Monday, November 23, 2009

Old Spice To The Rescue

Many, many years ago, when I was thirty six... (oh, I just had the desire to do this whole post in rhyme :) ) ..I discovered that I was pregnant with our 4th child. It was a little shocking. About two weeks later a new shock wave rolled over me as I realized it could be a boy child. I didn't know anything about raising a boy child. Fortunately at the time I worked with some mothers of boys who assured me that changing a boy diaper was easy because everything is all sealed up. Where are these sage mothers now that I really need them? I've read a good number of books and articles on parenting. I've been parenting long enough to have been through three of Dobson's series (From film to VHS to DVD) including 'Bringing Up Boys'. I must have missed this chapter/class every time.

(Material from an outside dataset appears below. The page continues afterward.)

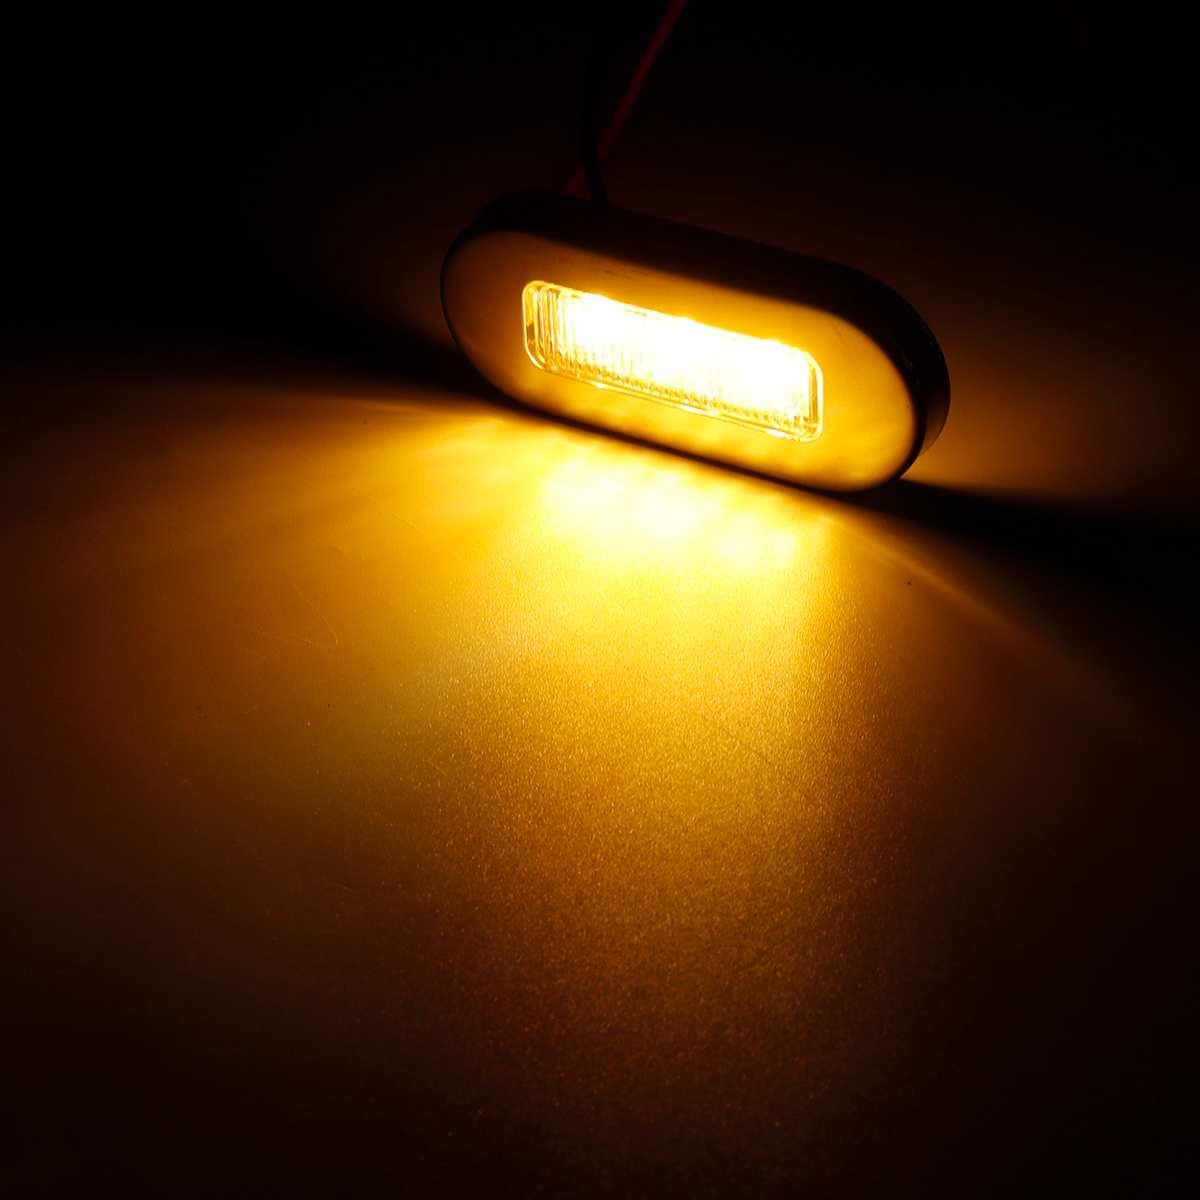 indicadoras turn signal iluminação marinha barco lanterna traseira

We have reached a new stage in our Mother/Son relationship. In my book on parenting this chapter will be titled " When He has More Hair on His Lip Than You". When my girls were this age we went to the mother/daughter class at Lee Hospital. We learned about deodorant, mood swings, periods, and we got a little package of feminine products to examine at home. I still don't know anything about boy children. So clearly the education of a boy child at this age should fall to his father. Thus we find ourselves in the health and beauty section of StuffMart looking at shower gels. The STP is choosing appropriate hygiene products and attempting to explain their use to the Goob. I excuse myself to use the restroom. When I come out of the bathroom I run into the Goob, who also excused himself from the hygiene lecture. We meet up with the STP at the checkout. He has chosen a little Old Spice shower puff. Only it is not called a puff. It is called a shower tool. A deck scrubber. And it comes with instructions clearly written for male persons. It advised you that members of the gentler sex do not appreciate dirty smelly things. And reminded you to lather everywhere and don't forget to wash behind your everything. And then it included pictures. (Because Old Spice manly men never read instructions) The first picture shows gel going on the puff. The second picture shows lather on the puff. The third picture shows the puff on a upper arm. And the fourth picture shows a muscular bicep with a tattoo. (I know this because I felt compelled to read the instructions out loud to the Goob.) And the STP suggested that if the Goob did not follow the instructions that either his father or his mother would have to shower with him.
Me: Oh, will I have to wash behind his everythings?
Goob: How about I save us both from that and just follow the instructions.
And the next morning...
STP: Did you use your shower tool?
Goob: (Flexing muscle.) Yeah, but I'm not sure it's working.
STP: What? No tattoo?
I must say that he smelled good when I hugged him. I know this because he is now so tall that my nose pretty much lines up with his armpit when I hug him.
I don't even want to talk about shaving.